Available data:
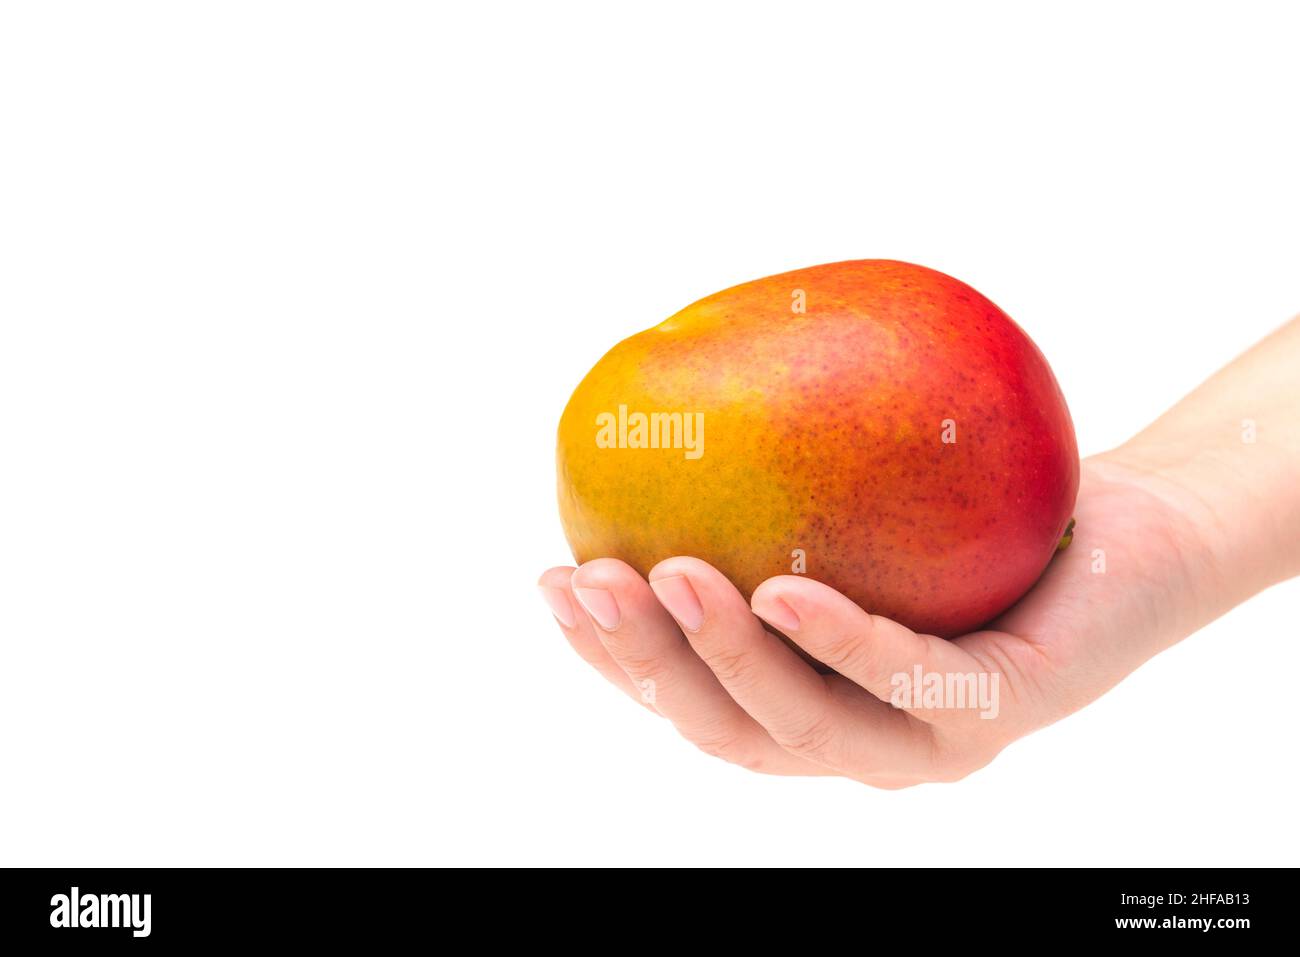 Mango fruit in hand on a white background Stock Photo
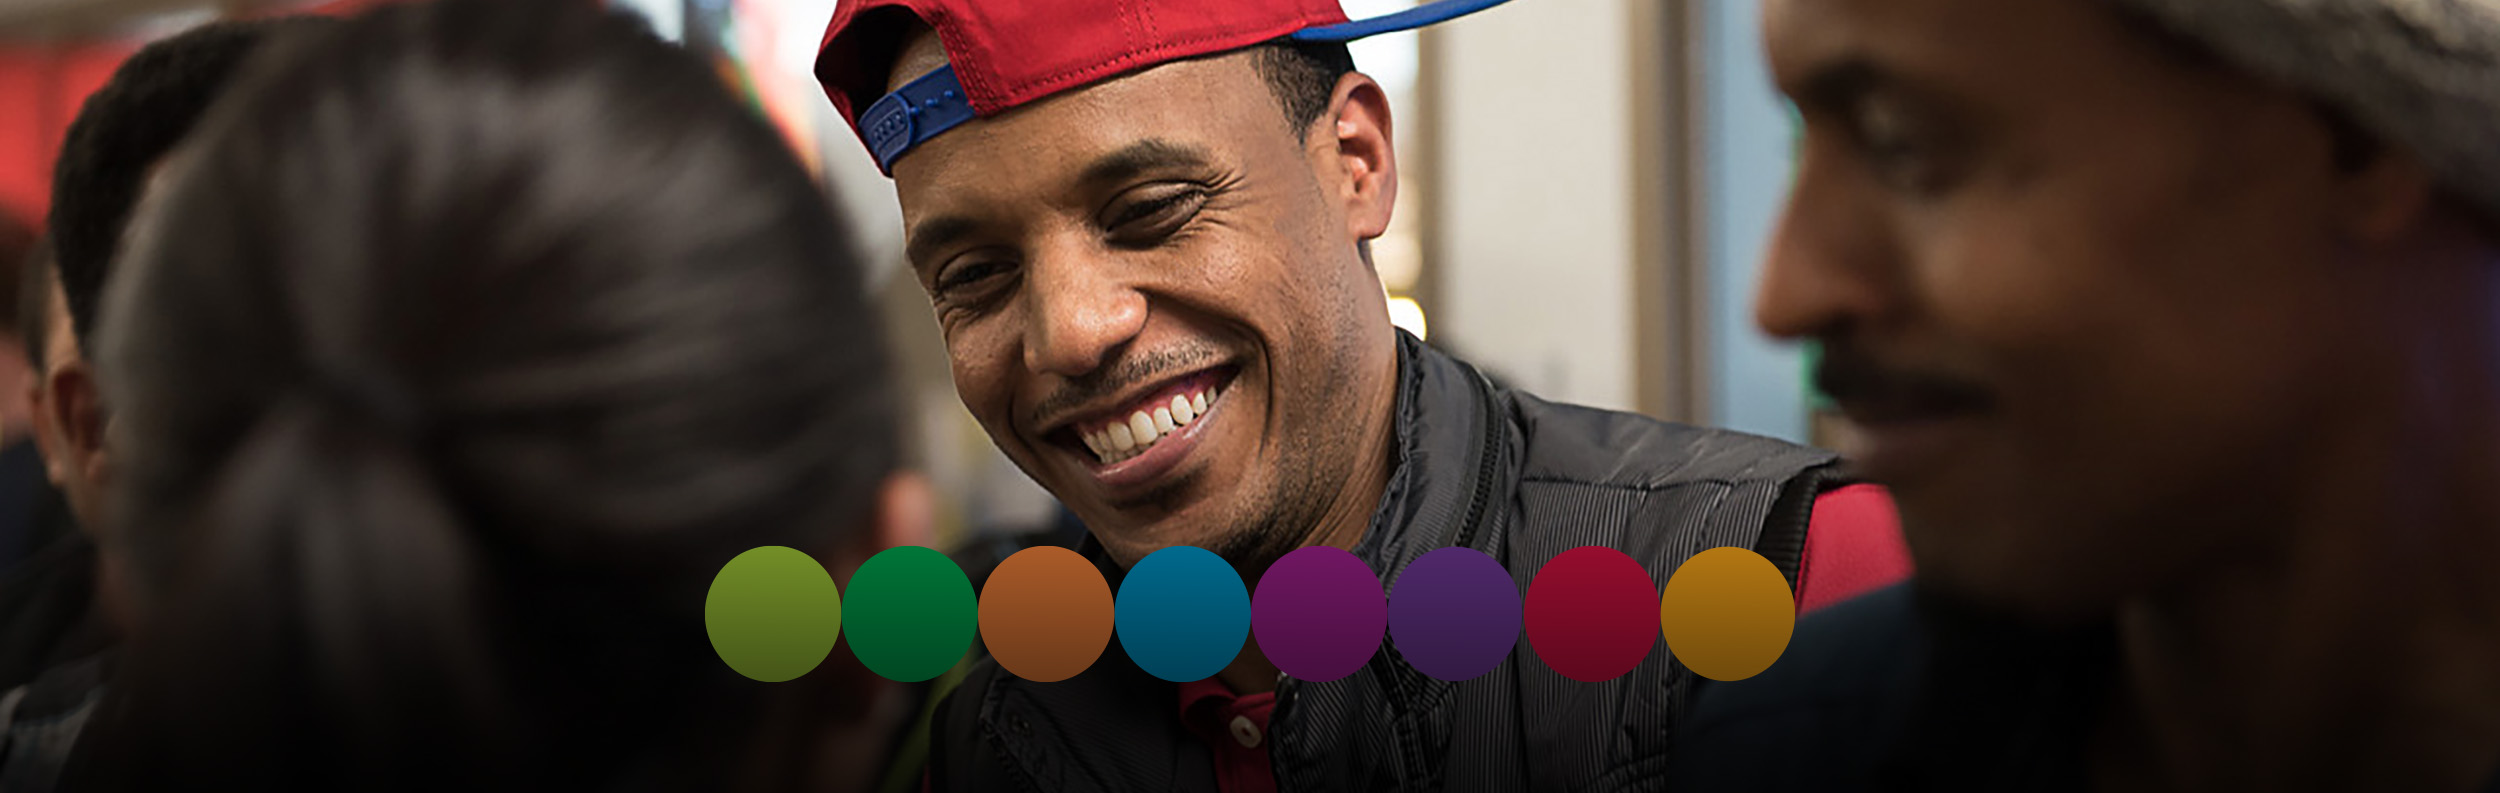  Photo of student smiling with a red backwards baseball cap on 
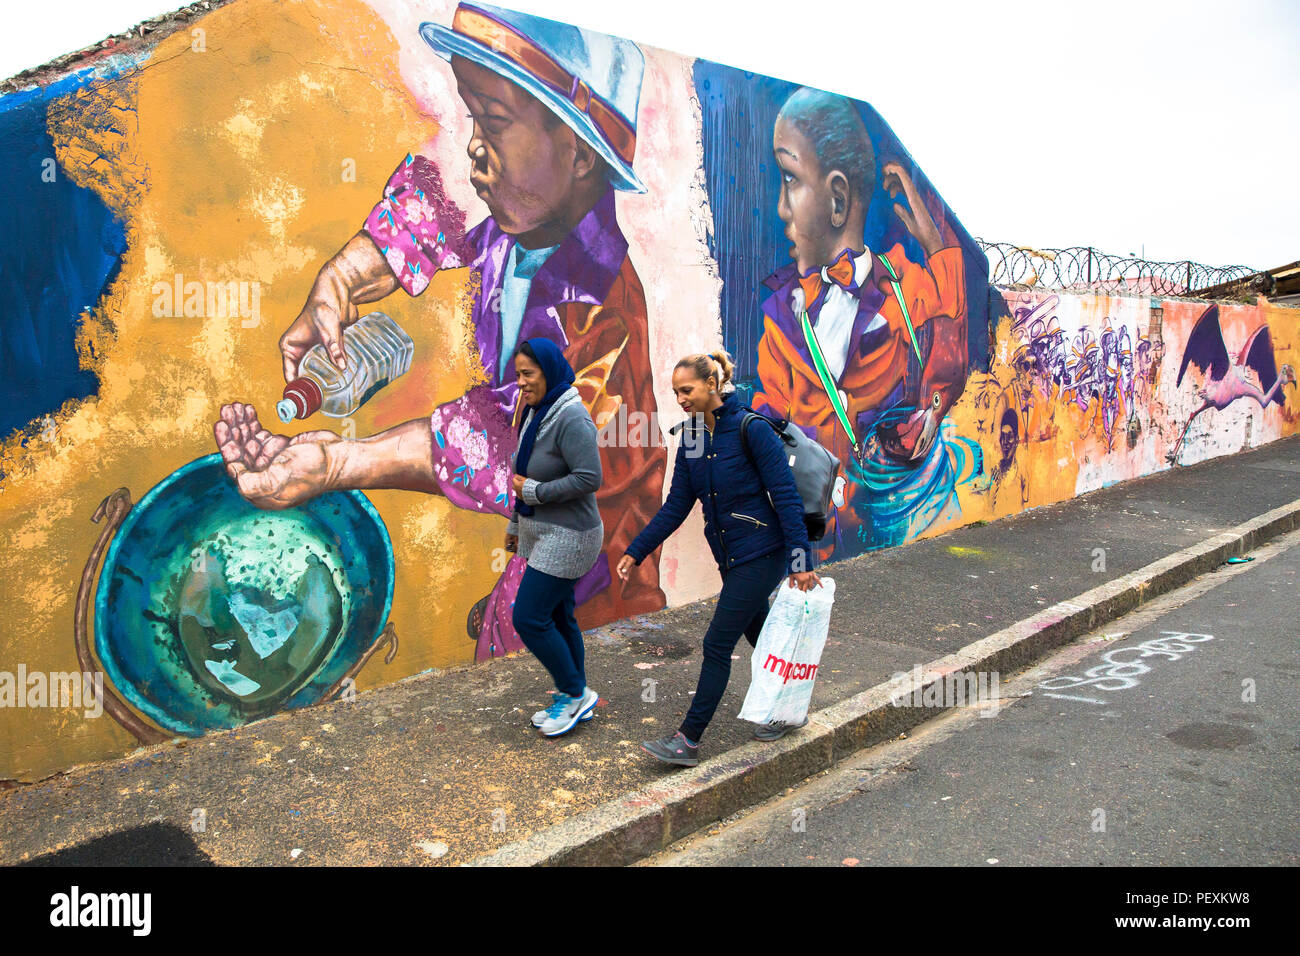 Cape Town water crisis themed mural, Western Cape Province, South Africa Stock Photo

Problem requirements: The answer should contain all the material above, copied exactly, and no images.

Answer section:
 Mango fruit in hand on a white background Stock Photo
  Photo of student smiling with a red backwards baseball cap on 
 Cape Town water crisis themed mural, Western Cape Province, South Africa Stock Photo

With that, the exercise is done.